Modern bow hunting was popularized in the U.S. in the 1920s when Dr. Saxton Pope published a book called "Hunting with the Bow and Arrow". Dr. Pope and his colleague, Arthur Young, learned about bow hunting from a Yana tribesman named Ishi. Ishi was the last member of his California tribe, and he shared his vast wealth of knowledge about bow hunting with the two men. Centuries of Native American knowledge went into the making of the book, and the great American bow hunting tradition lived on [source: Maryland Department of Natural Resources].
In the 1950s, Fred Bear, Earl Hoyt and Ben Pearson developed affordable, high-quality bow hunting equipment for the masses. The three men filmed their hunts and created educational programs that furthered the popularity of bow hunting.
Modern bow hunting hasn't changed much from the original except for the equipment. Today, bow hunters can choose from a variety of bows, arrows and arrowheads. Types of bows include:
- Traditional bow -- Also known as the longbow, it is the most basic of bow designs. The bow is straight until it is strung, then it curves.
- Recurve bow -- This is more powerful than a straight bow and generally is not used with any type of mechanical devices.
- Compound bow -- A series of cables and pulleys reduce the amount of force needed to pull the string back. This is the most popular bow today.

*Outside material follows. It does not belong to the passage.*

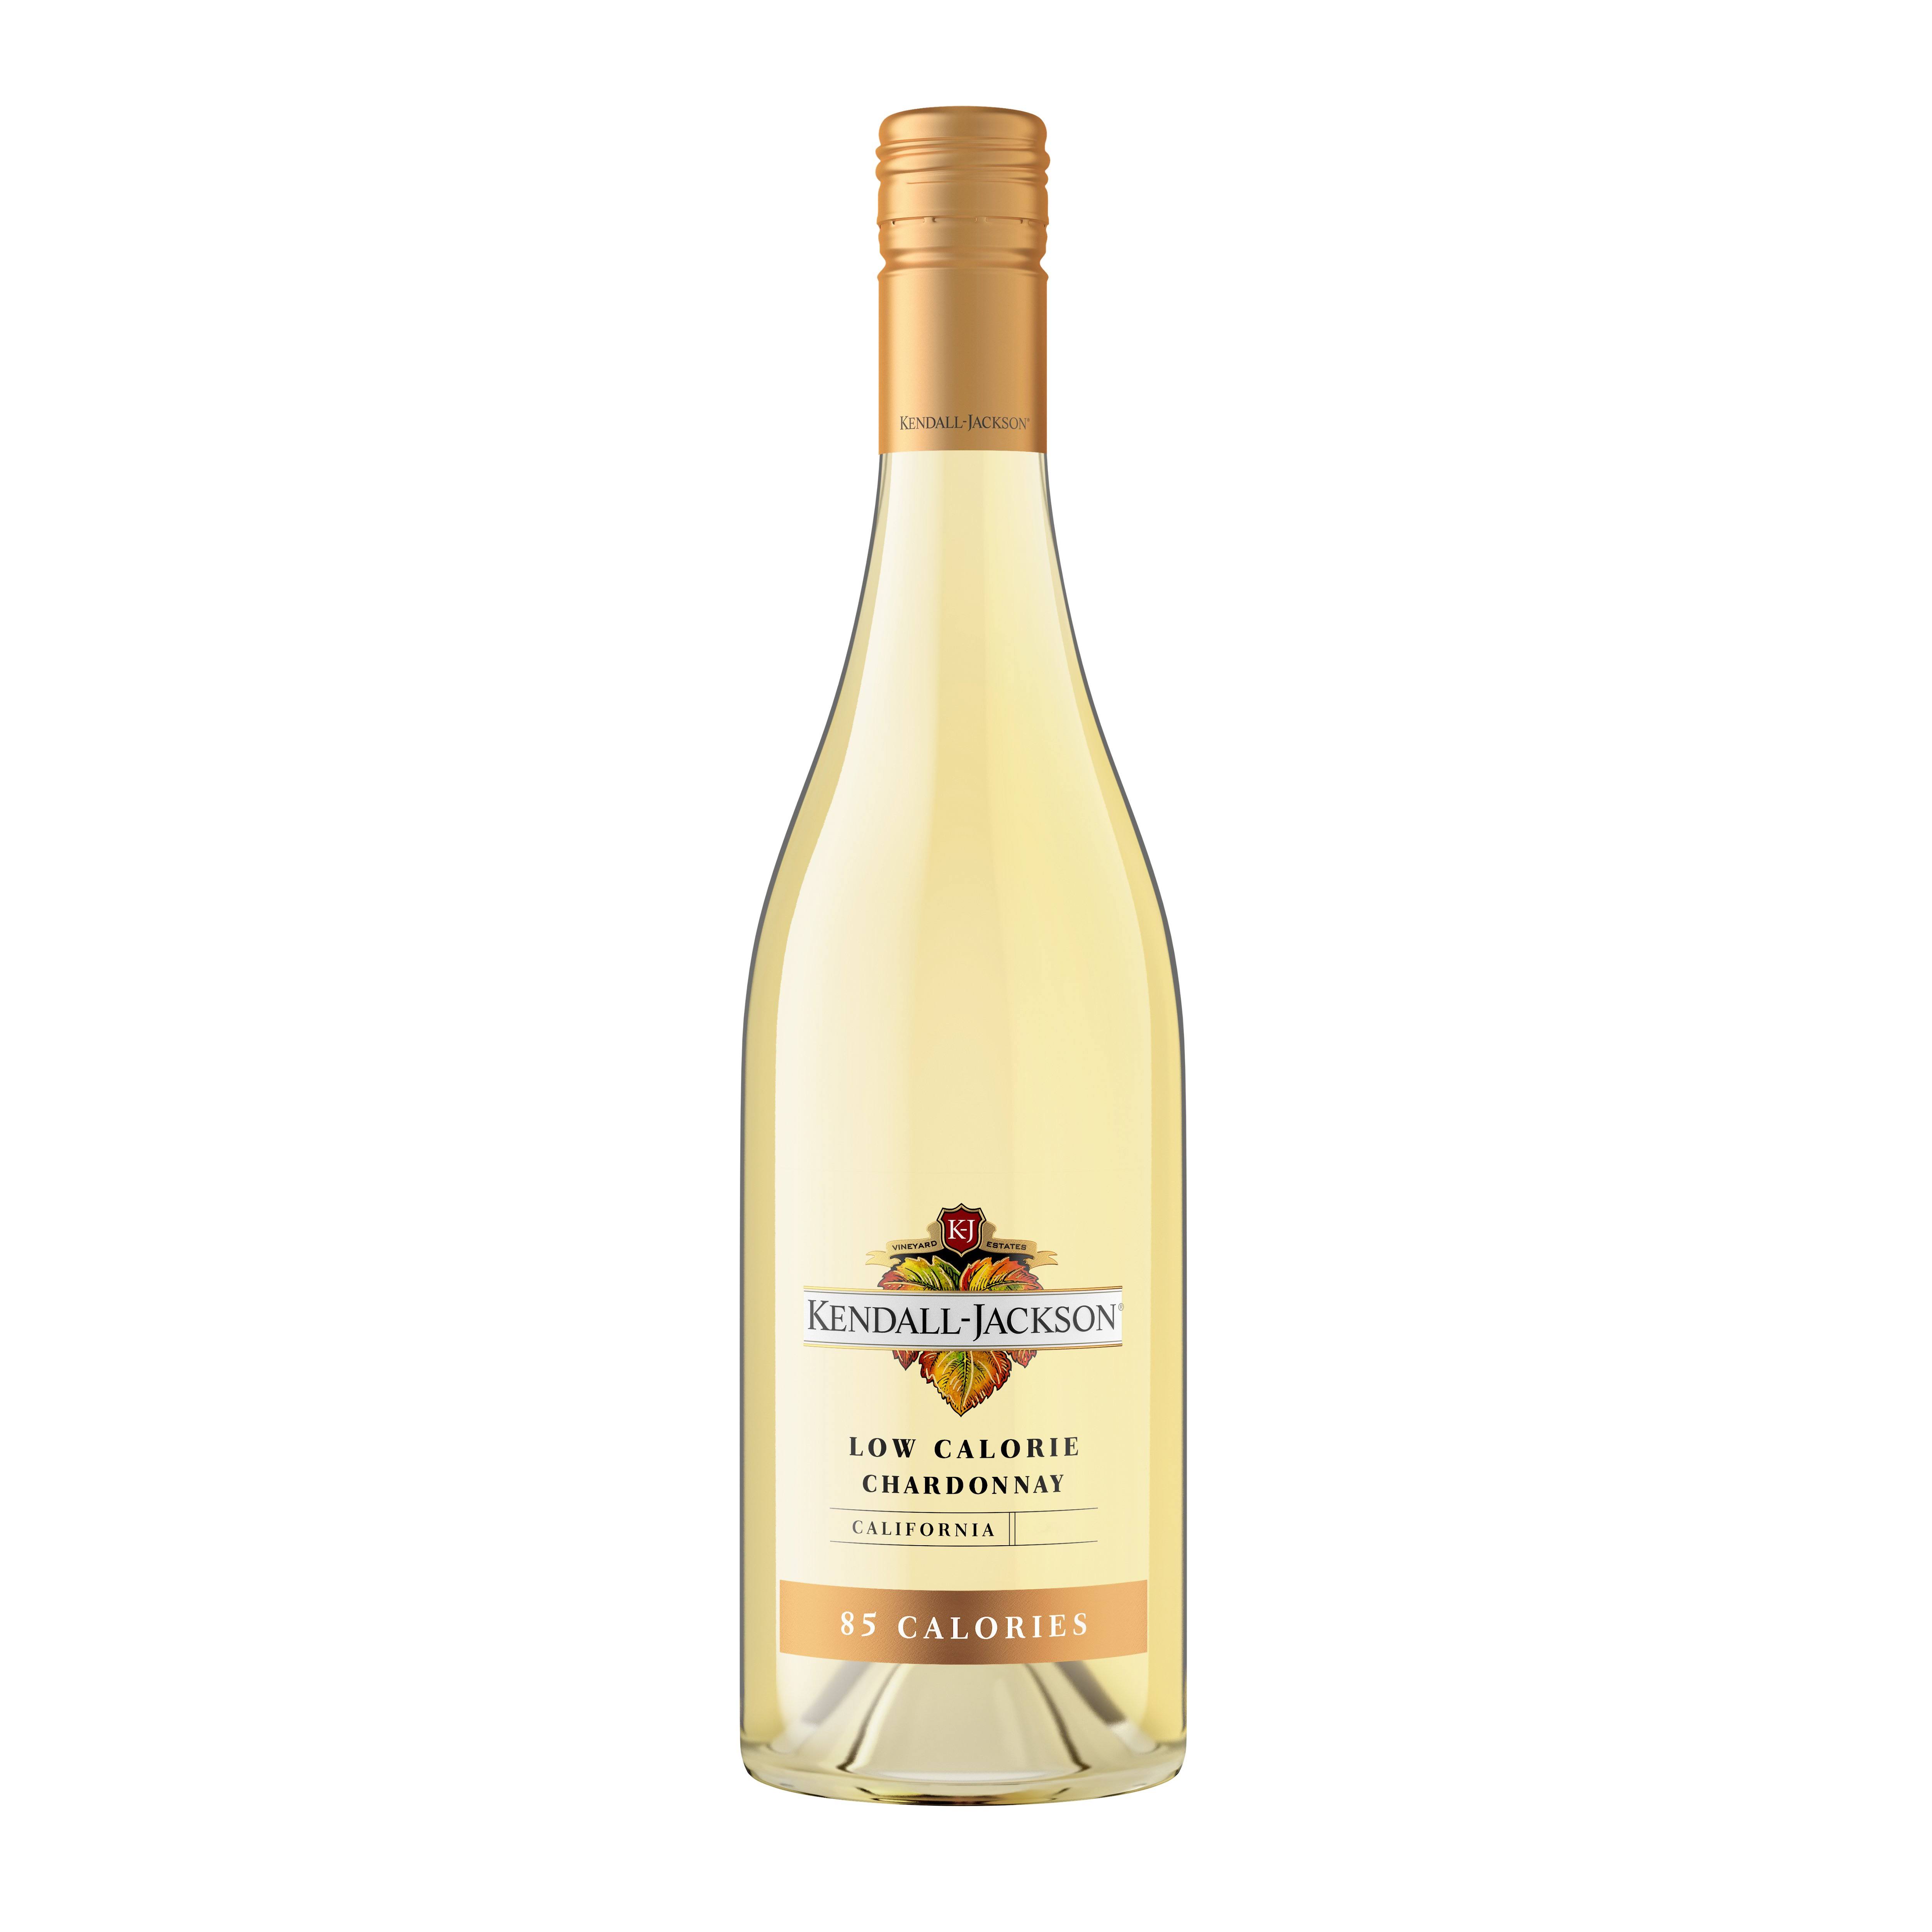 Kendall-Jackson Chardonnay, Lower Calorie, Avant, California - 750 ml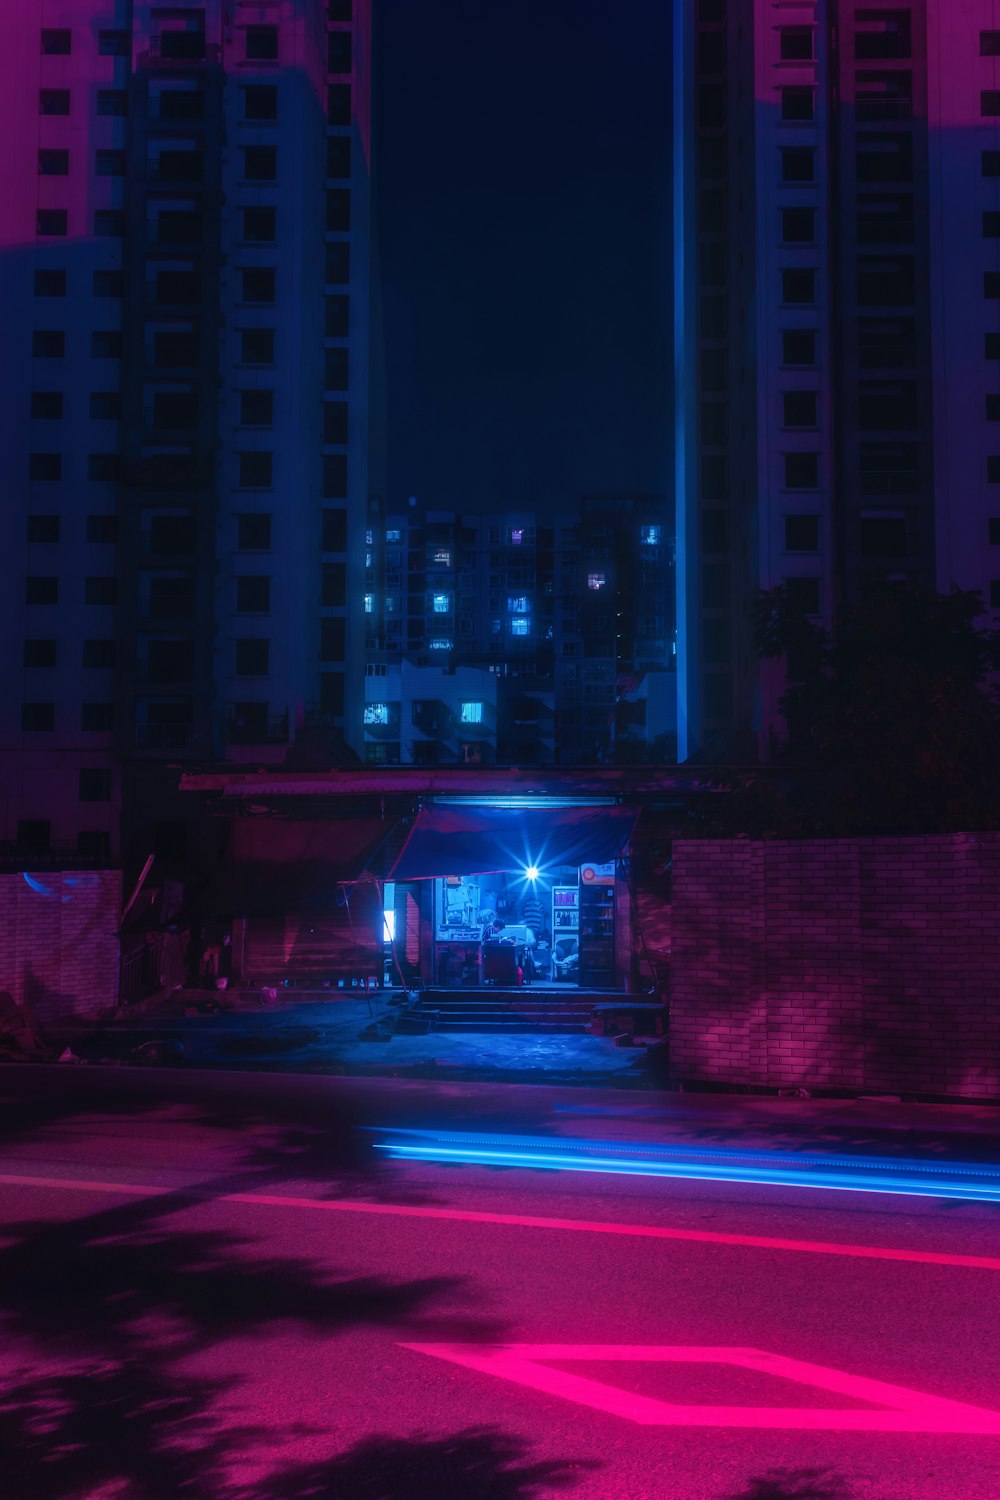 blue light building during nighttime

Arrow shafts can be made of wood, aluminum, fiberglass, carbon and a carbon/aluminum combination. Arrow heads or points come in various shapes and sizes and are chosen based on the archer's purpose. Bullet, judo, blunt and field points are all used for target practice and small game hunting. Bowfish points are used for bow fishing. Broad heads are used for small and large game hunting, and types include fixed blade, removable blade and expandable blade.